(Excerpts from a dataset)
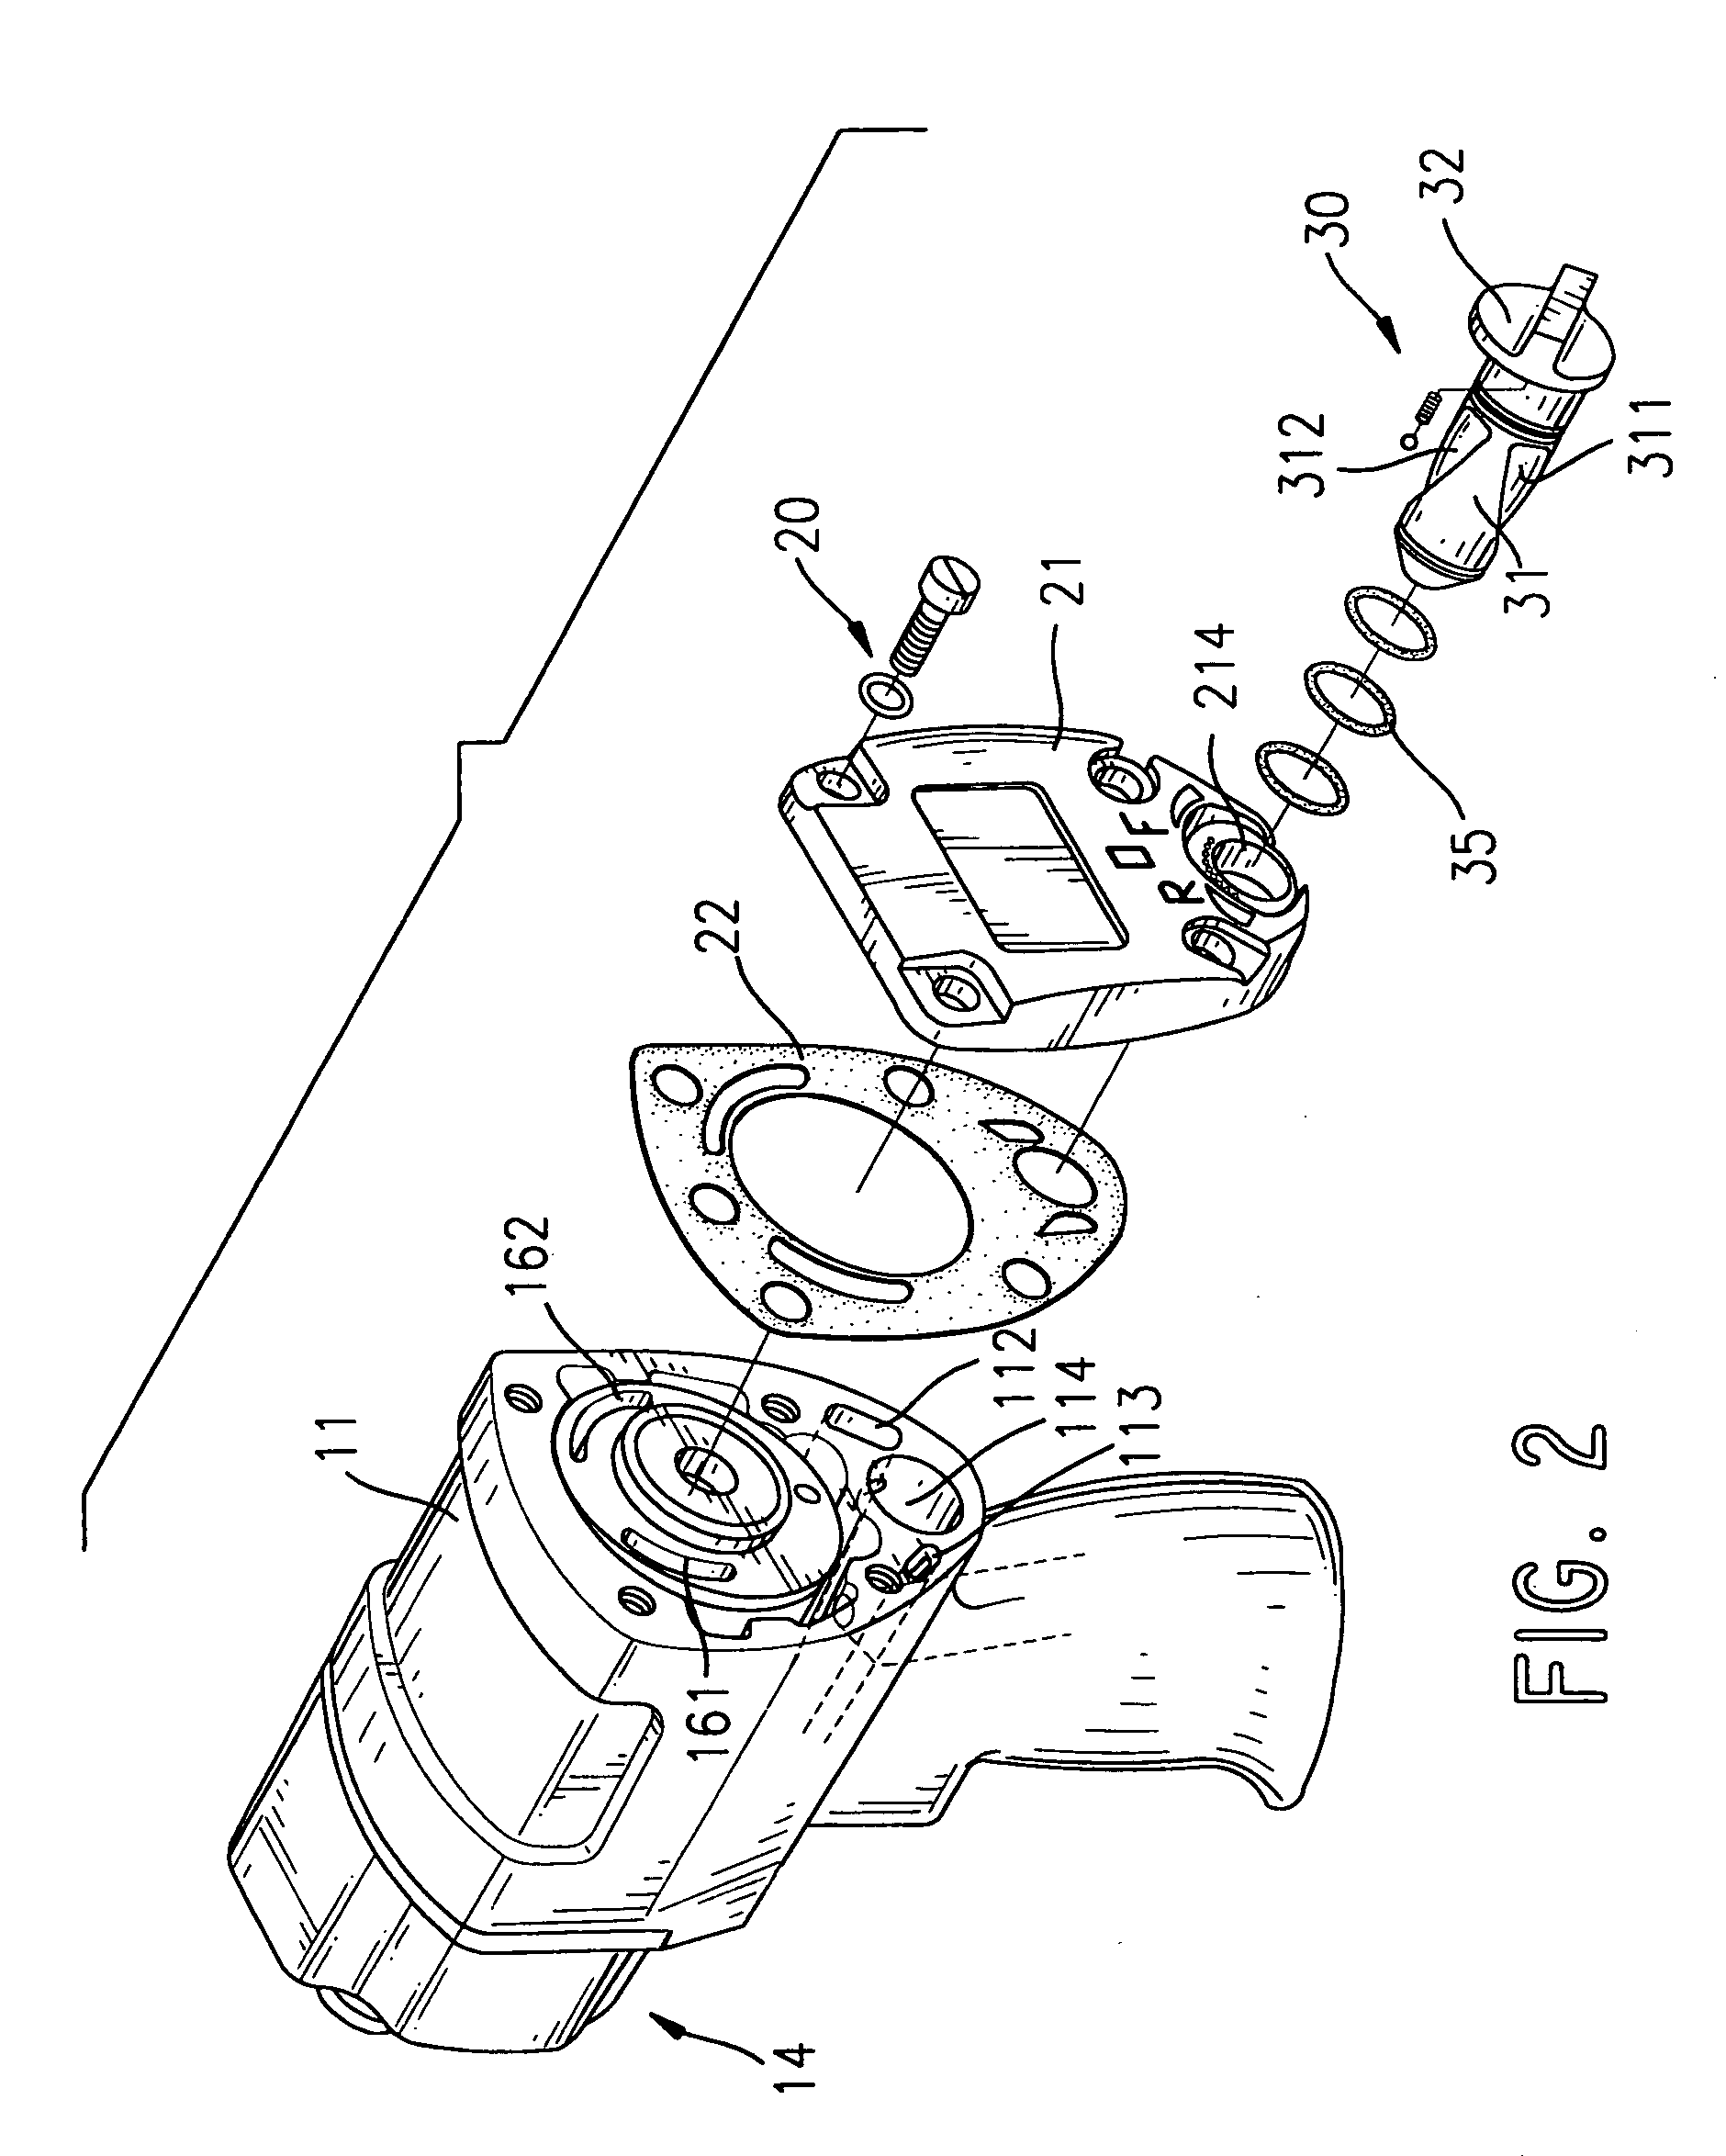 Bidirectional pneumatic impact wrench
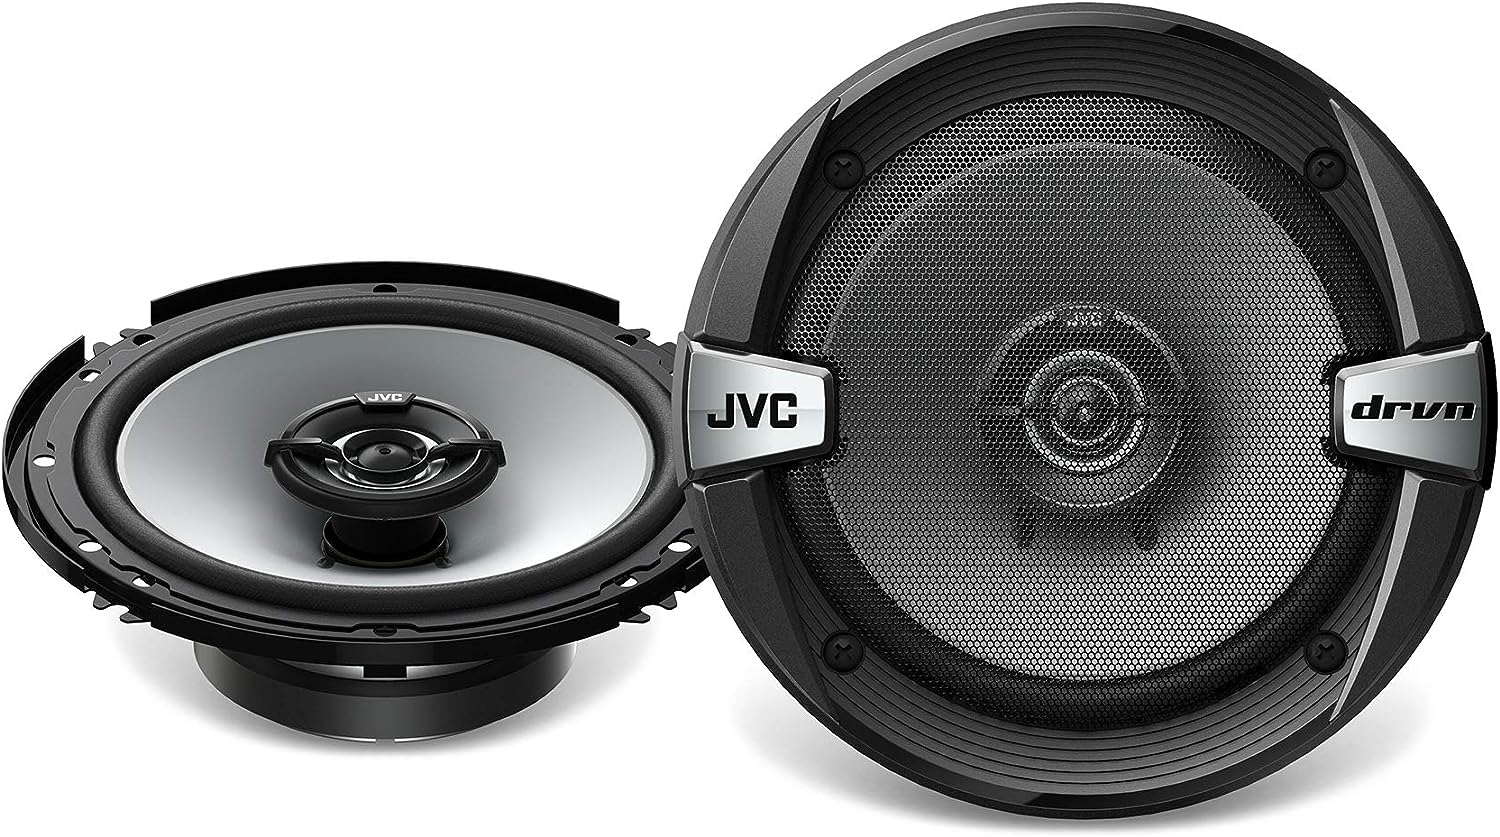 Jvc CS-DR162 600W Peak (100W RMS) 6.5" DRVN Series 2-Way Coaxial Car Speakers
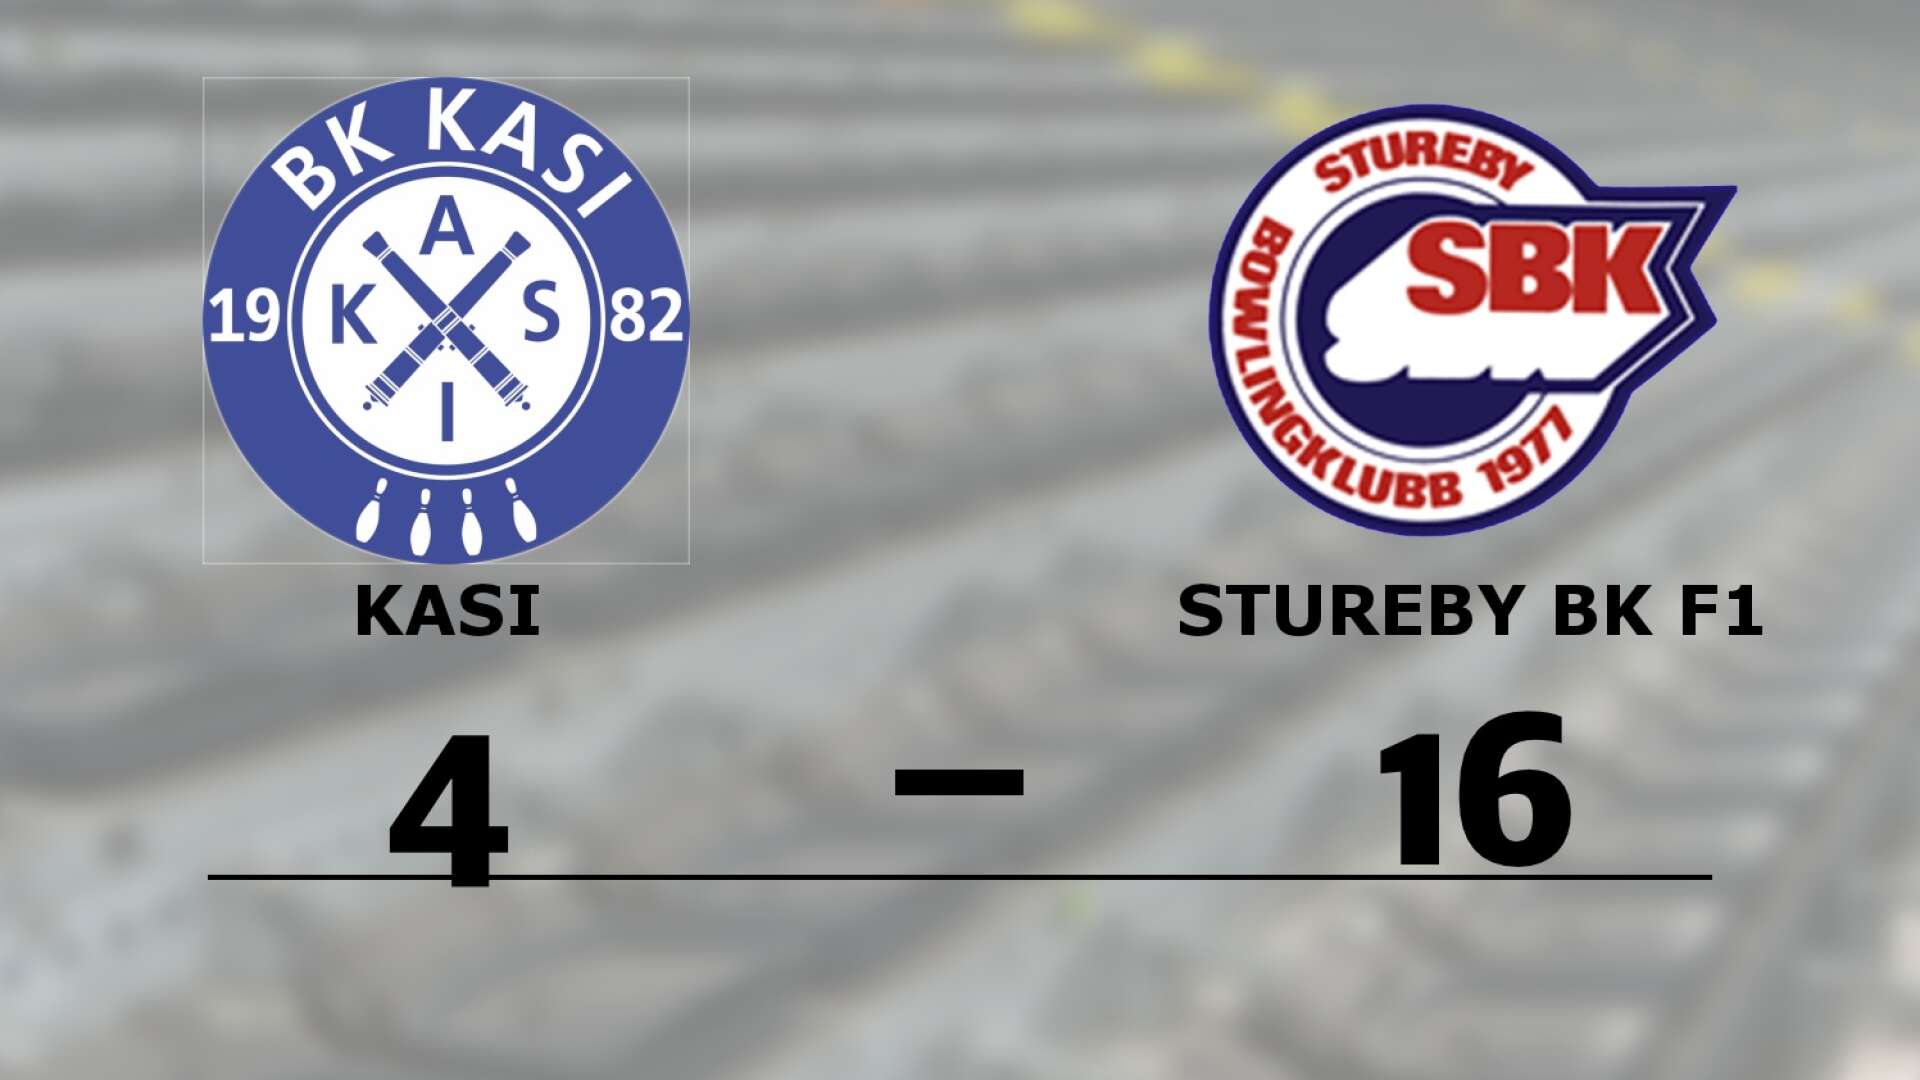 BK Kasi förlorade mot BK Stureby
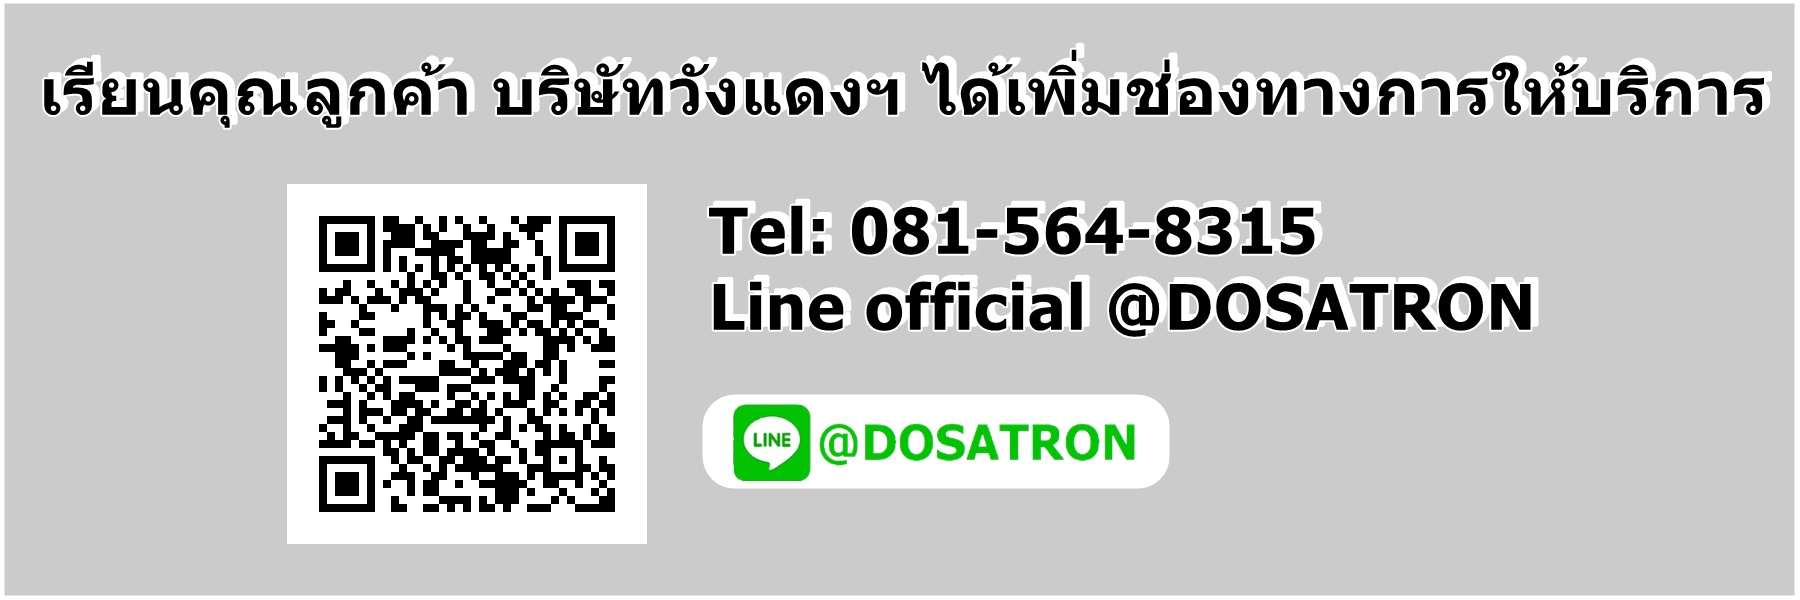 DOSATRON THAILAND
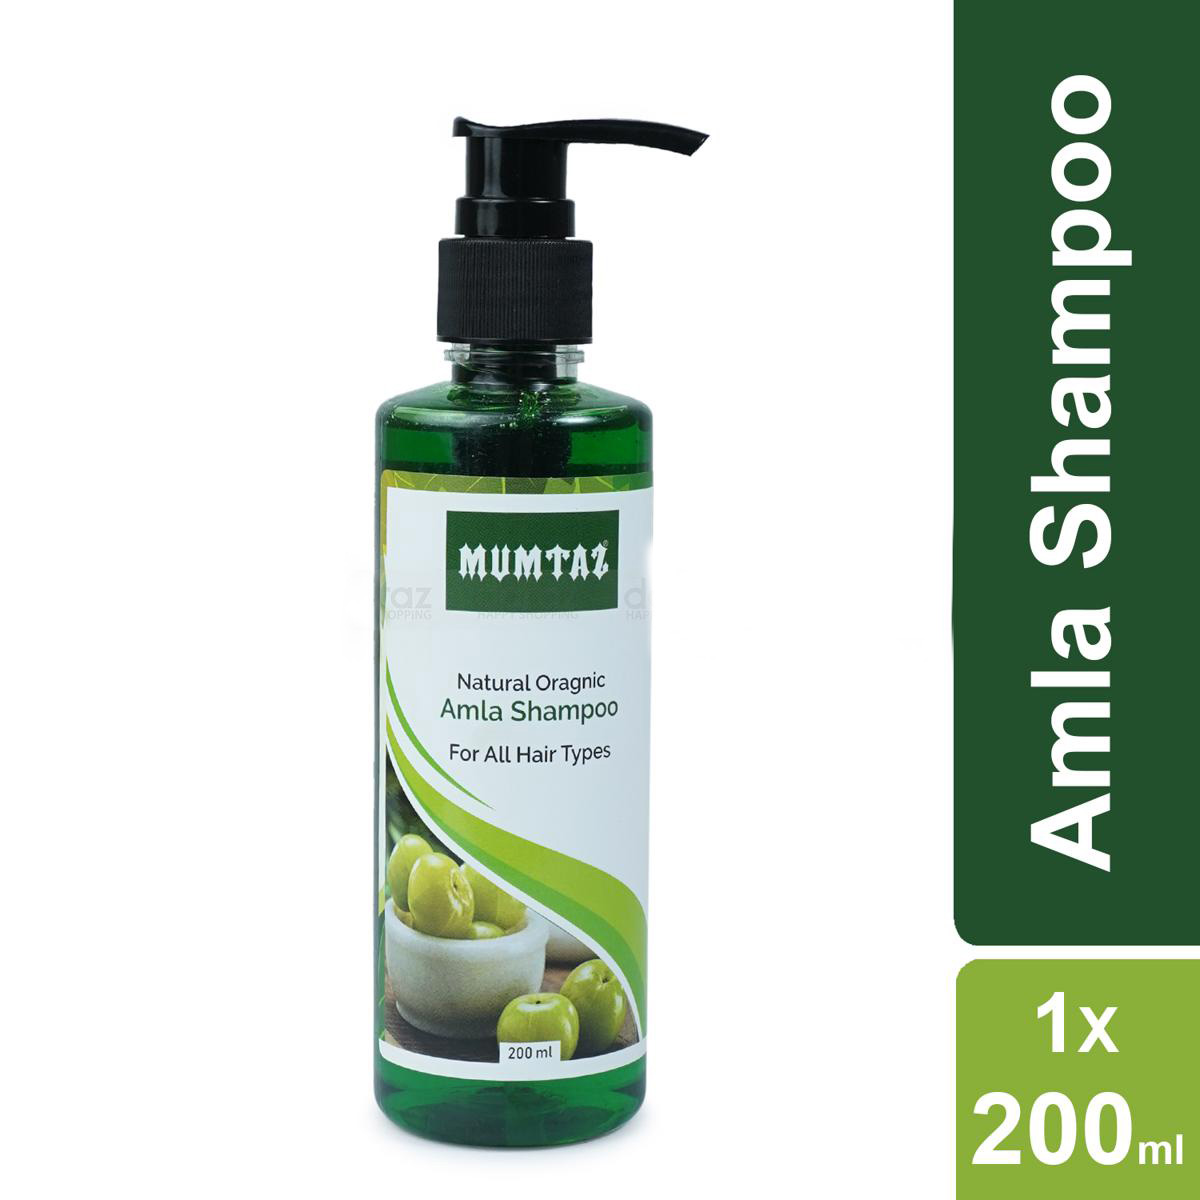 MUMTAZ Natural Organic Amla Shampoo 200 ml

**Action item**.
Copy exactly, and copy nothing else: the lines from the one containing "BK Kasi förlorade mot BK Stureby" through the end of the data, both ends included, with pictures left out.

**Result for this exercise**.
 BK Kasi förlorade mot BK Stureby
 DOSATRON THAILAND
 MUMTAZ Natural Organic Amla Shampoo 200 ml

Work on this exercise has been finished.